Direniş, özellikle yılın son günlerinde belirginleşmişti.
Türk nüfusunun tam anlamıyla asimile edilmesi kararı, 20. yüzyılın 70’li yıllarının ikinci yarısında şekillenmeye başlamıştı. Ancak, bu asimilasyon süreci yalnızca politik bir strateji değildi; aynı zamanda tarihsel bir arka planla da destekleniyordu. 1950’lerin sonlarından itibaren, tarih bilimi bu tür bir zorla asimilasyonu meşrulaştırmaya yönelik bir proto-ideoloji oluşturma sürecine de katkı sağlamıştı.
1980’lerin başında ise, komünist yönetimin bakış açıları daha sertleşmiş ve bu politika daha da pekiştirilmişti.
Ayrıca, Bulgar halkının eğitim sistemi, Osmanlı İmparatorluğu’na karşı güçlü bir antipati ve “Türk egemenliği”ne dair sürekli bir propagandayla şekillendirilmişti. 70’li yıllarda, tarih ders kitaplarında “Türk egemenliği” ifadesi yerini “Osmanlı yönetimi”ne bırakmıştı ancak bu terim, halk edebiyatı ve medyalar aracılığıyla canlı tutuluyordu.
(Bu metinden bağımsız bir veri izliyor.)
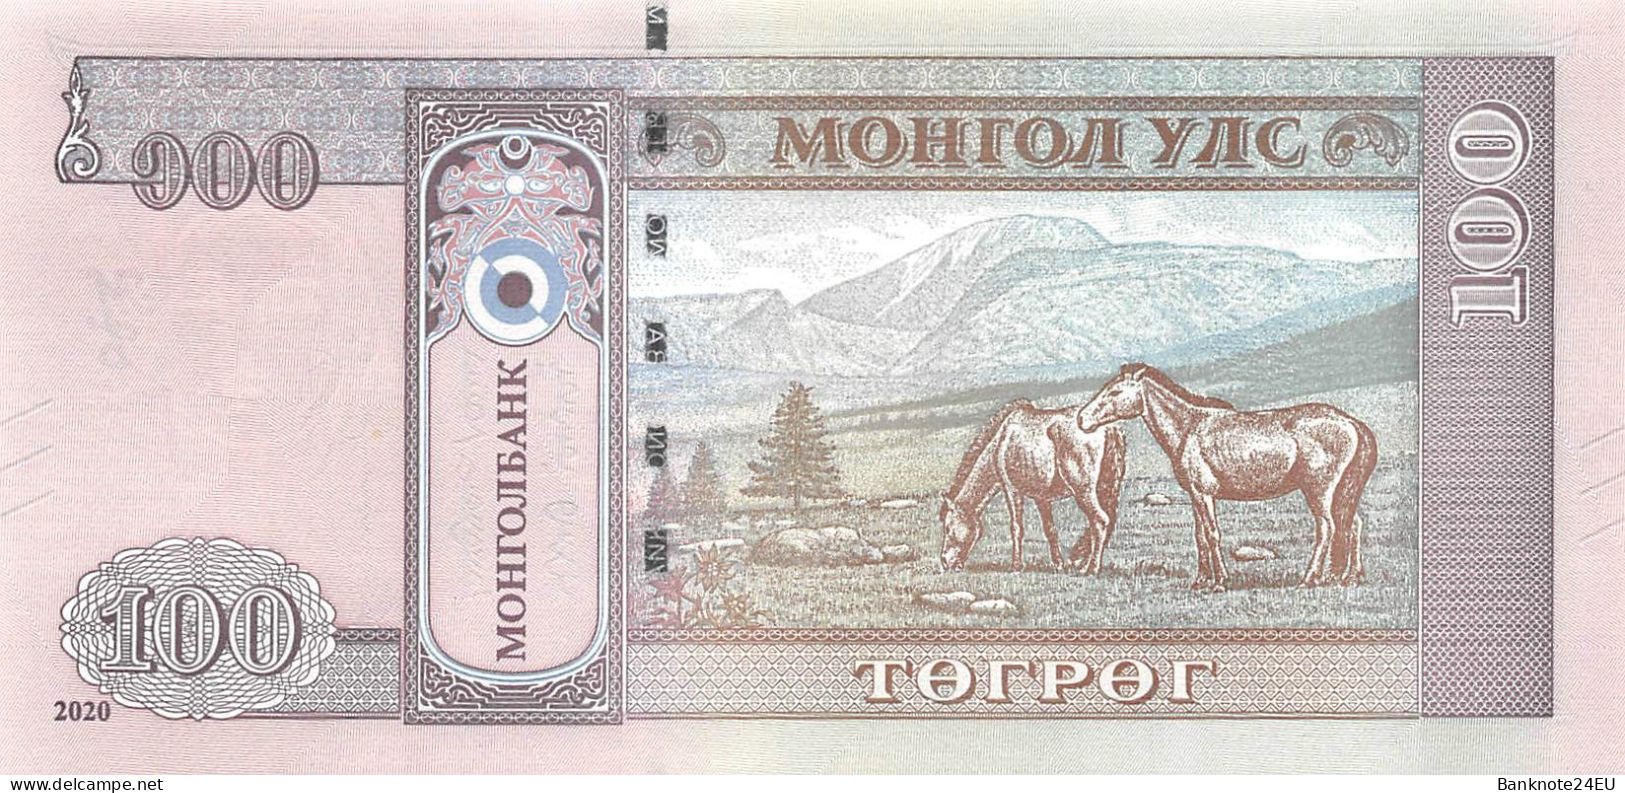 Mongolia 100 Togrog 2020 Unc Pn 73a - Mongolia
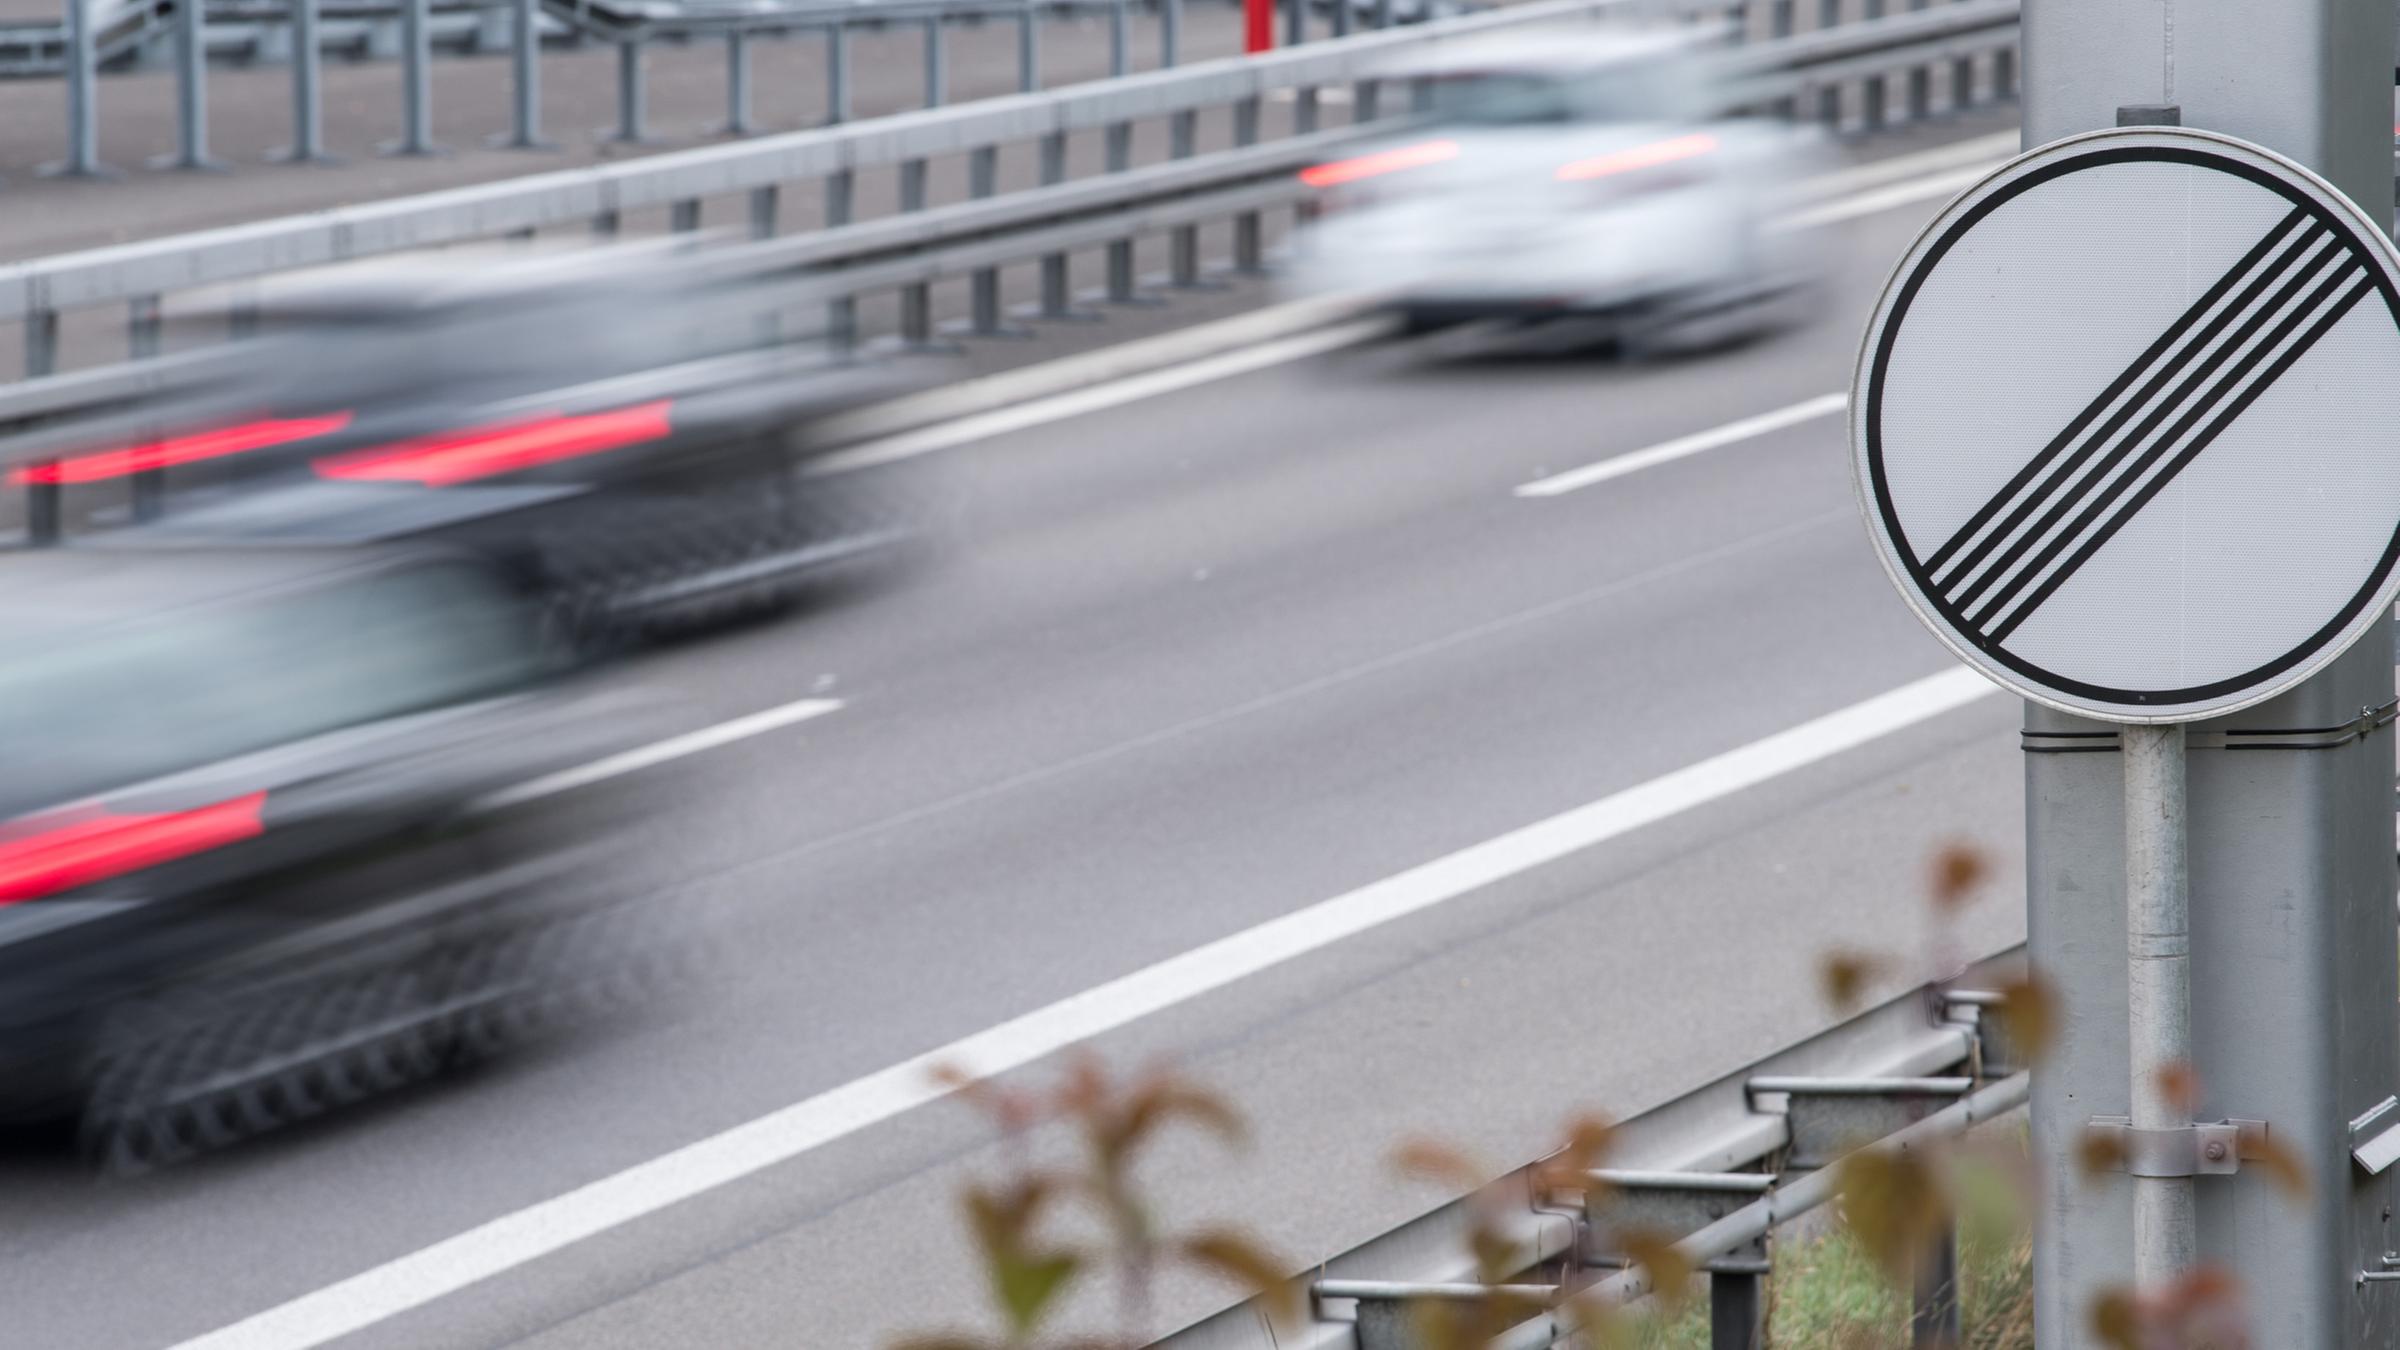 Archiv: Autos fahren am 19.10.2017 auf der Autobahn A81 bei Herrenberg auf einem Abschnitt ohne Geschwindigkeitsbegrenzung

Bu ortamda, siyasi otorite için halkı harekete geçirmek ve milliyetçi duyguları körüklemek oldukça kolaydı.
Eğitim ve medya, istediğinde hükümetin elindeki güçlü bir araç haline gelmişti.
Bu da, devletin toplum üzerinde büyük bir kontrol ve etki sağlamak adına önemli bir kaynak oluşturuyordu.